Client changes to system software or hardware without company consent,
shall void all warranties and company liabilities.
Client is responsible for paying all hourly consulting charges and expenses company provides for client at current rates. Client is solely responsible for Client’s personal use of the resources made available through Company. Client shall provide all equipment required to use Company. Client is responsible for maintaining backups of all information, including website, email passwords and security. Company is not liable if information is lost or unable to be restored. Client shall not use Company or Company resources in a manner that is libelous, defamatory, obscene, infringing, illegal or in violation of Company's use policy. Client may not use the e-mail system to send unsolicited mail or Usenet postings. Client shall not abuse the system, the Internet or its resources as per current Federal and locally applicable laws.

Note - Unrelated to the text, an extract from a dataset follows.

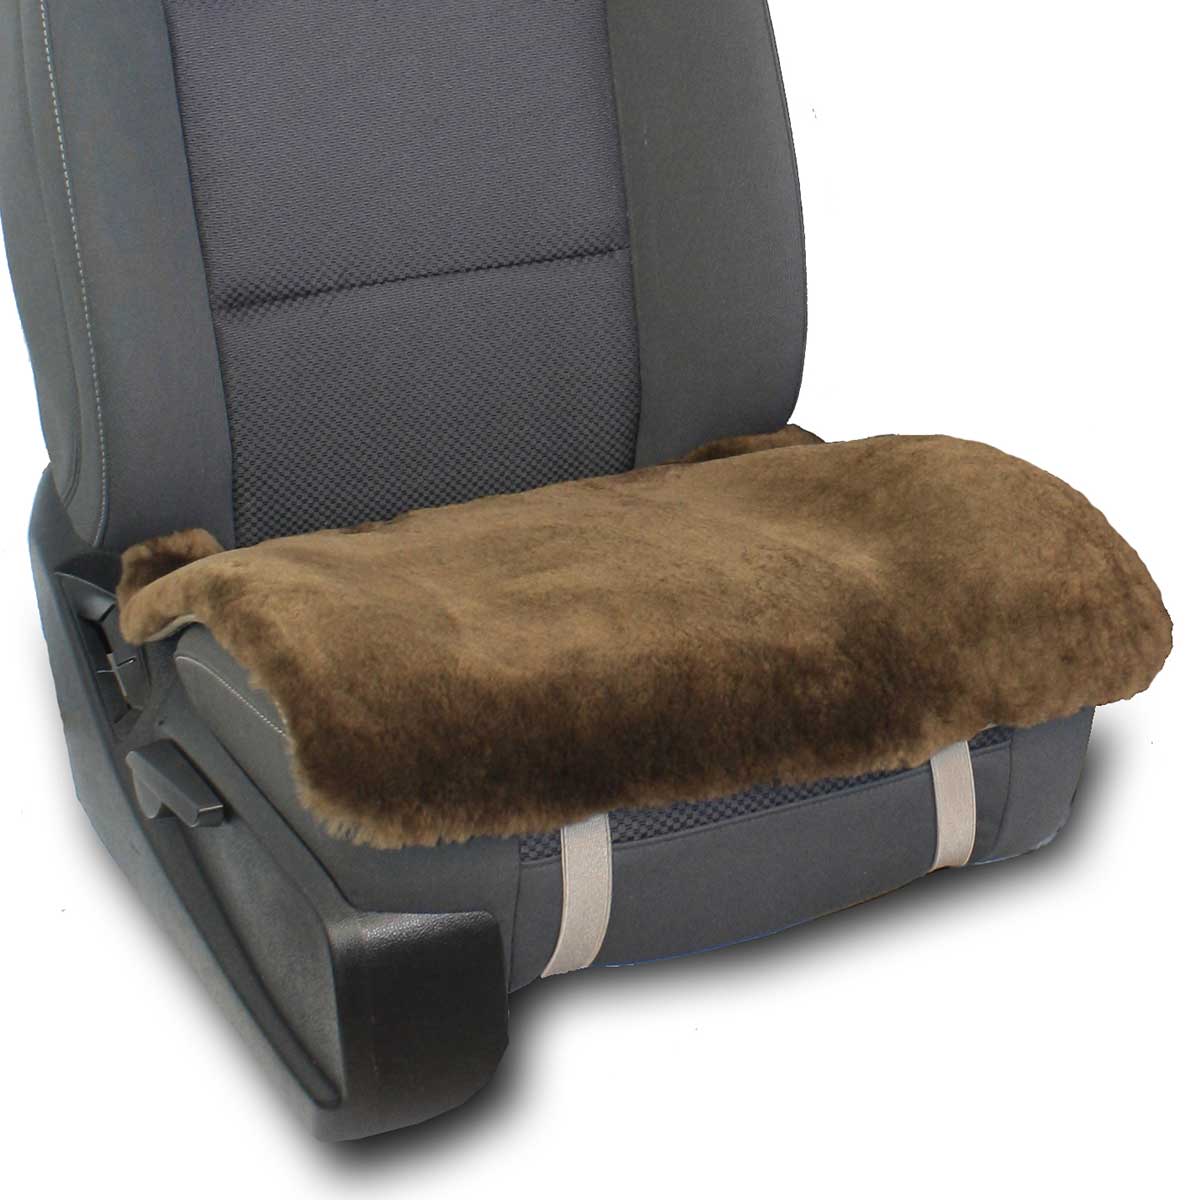 https://autohq.com/images/products/superlamb_seat-pad_coffee.jpg

PayPal preferred and Visa, MasterCard, Discover or American Express may be used through the PayPal site. Company may require prepayments for hardware or other requests. Client shall promptly notify Company of any changes to the billing account, including, change of contact information or cancellation of credit card or subscriptions. Failure by Client to pay amounts on due date or rejection of any credit card charges may result in interruption or termination of Company’s services. Service fees of $45 per missed payment and interest accruing at the rate of 25% per month on the outstanding balance until such amount is paid in full. Client agrees to pay all expenses incurred by Company in the collection of any past due amounts. Payment is due upon delivery, sending of email bill, as needed or requested by company. Client grants company the right to accept terms and/or conditions from third parties on behalf of Client and understands that charges for services and all additional items will be billable to Client. Client agrees to communicate with Company prior to disputing any charges with Client's credit card.
All manufactures warranties apply
, all sales are final and no returns or refunds unless otherwise noted in writing.
Client shall indemnify and hold harmless Company from and against any liabilities
, expenses (including attorneys’ fees) and damages arising out of any claims based on Client’s use of Company’s services, including any claim of libel, defamation, unfair competition, violation of rights of privacy or publicity, infringement of any intellectual property rights or any other claims.
: Client’s billing cycle will commence on the activation date set by company and Client will be billed monthly or upon delivery thereafter at the prevailing rates. Client website hosting fee shall be billed prior to the beginning of each month and may include additional usage fees from prior months if usage exceeds the services provided in the applicable usage plan described in Company’s online website hosting price list. Hosting client’s initial billing will consist of the set up fees plus first month’s usage fees. Prepayments plans are due on an annual basis 30 days prior to due date. Client allows domain name management and ownership rights to Company to register renew and manage as deemed necessary by Company.
Client’s account may be terminated by (1) Client giving 30 days written notice (2) By Company if Client fails to abide by the terms of this Agreement, including failure to pay amounts when due (3) by Company at the discretion of Company. Client requested termination will be effective at the end of the next billing cycle, charges and fees may apply. Company may withhold services and Client information until final payments are received.
NO WARRANTIES AND LIMITATION OF LIABILITY.
COMPANY’S SERVICES ARE “AS IS”. COMPANY MAKES NO REPRESENTATION OR WARRANTY REGARDING CONTENT, GOODS OR SERVICES PROVIDED AND SPECIFICALLY DISCLAIMS ALL WARRANTIES, REPRESENTATIONS AND CONDITIONS, EXPRESS, IMPLIED OR STATUTORY, INCLUDING ANY WARRANTY OF MERCHANTABILITY OR FITNESS FOR A PARTICULAR PURPOSE. COMPANY DOES NOT WARRANT THAT COMPANY SERVICES WILL BE UNINTERRUPTED OR ERROR-FREE. COMPANY SHALL NOT BE LIABLE FOR ANY DAMAGES, INCLUDING, INDIRECT, SPECIAL OR CONSEQUENTIAL DAMAGES, ARISING OUT OF CLIENT'S USE OF OR INABILITY TO USE COMPANY SERVICES, WHETHER BASED IN CONTRACT, TORT OR OTHERWISE, EVEN IF COMPANY HAS BEEN ADVISED OF THE POSSIBILITY OF SUCH DAMAGES. THIS LIMITATION OF LIABILITY AND EXCLUSION OF DAMAGES SHALL APPLY REGARDLESS OF THE SUCCESS OR EFFECTIVENESS OF OTHER REMEDIES.
This Agreement shall be governed by and interpreted in accordance with the laws of the County of Washington, State of Oregon, USA.